/paper-MPL-inference

Primary LanguageShellCreative Commons Zero v1.0 UniversalCC0-1.0

Overview

This repository contains data and scripts for reproducing the results accompanying the manuscript

Fitness inference from complex evolutionary histories with genetic linkage

Muhammad S. Sohail1,*, Raymond H. Y. Louie1-4,*, Matthew R. McKay1,5,# and John P. Barton6,#

1 Department of Electronic and Computer Engineering, Hong Kong University of Science and Technology
2 Institute for Advanced Study, Hong Kong University of Science and Technology
3 Kirby Institute, University of New South Wales
4 School of Medical Sciences, University of New South Wales
5 Department of Chemical and Biological Engineering, Hong Kong University of Science and Technology
6 Department of Physics and Astronomy, University of California, Riverside
* Equal contributions
# correspondence to m.mckay@ust.hk and jpbarton@pitt.edu

Contents

Scripts for generating and analyzing the simulation data can be found in the simulation-analysis.ipynb notebook, and references therein. Scripts for processing and analyzing the HIV-1 data are contained in the HIV-analysis.ipynb notebook. Finally, scripts for analysis and figures contained in the manuscript are located in the figures.ipynb notebook.

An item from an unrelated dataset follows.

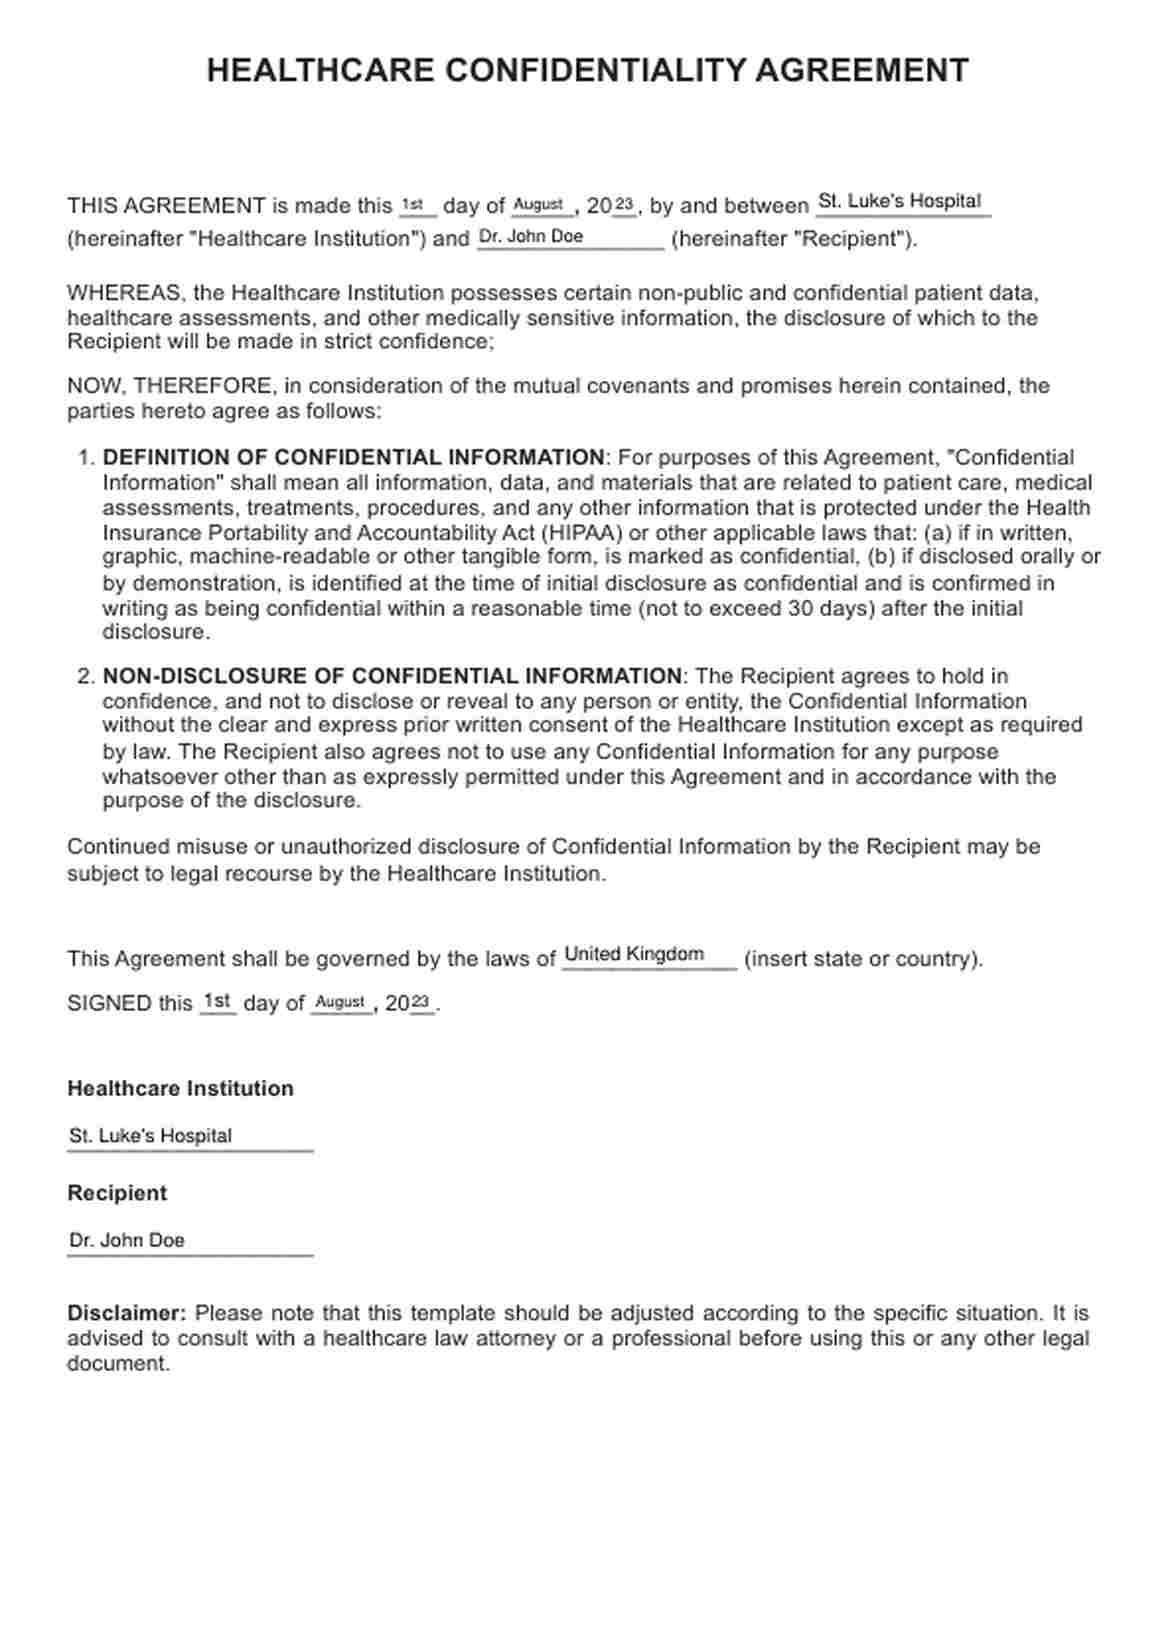 Confidentiality Statements PDF Example

Due to the large size and number of some files generated by simulations and by the interim analysis of HIV-1 data, some data has been stored in a compressed format using Zenodo. To access the full set of data, navigate to the Zenodo record. Then download and extract the contents of the archives src-MPL-HIV.tar.gz, src-wfsim-data.tar.gz, and src-Matlab-data.tar.gz into the folders src/MPL/HIV, src/wfsim/data, and src/Matlab, respectively.

MPL

This repository includes code for inferring selection coefficients from temporal genetic data using the marginal path likelihood (MPL) method. Code implementing MPL in C++ is located in the src/MPL directory.

Software dependencies

MPL makes use of C++11 and the GNU Scientific Library. The code has been tested using GSL version 2.6. Compiling MPL should require a few seconds on a typical desktop computer.

Demonstration

The shell script src/MPL/run-test.sh will compile and run MPL on an example set of simulation data (see Figure 1 in the manuscript). Estimated selection coefficients are stored in src/MPL/test/example_0_T400_ns1000_dt1_MPL.dat. This file should match the file of the same name in the src/MPL/out directory. Running this demonstration should require a few seconds on a typical desktop computer.

License

This repository is dual licensed as GPL-3.0 (source code) and CC0 1.0 (figures, documentation, and our presentation of the data).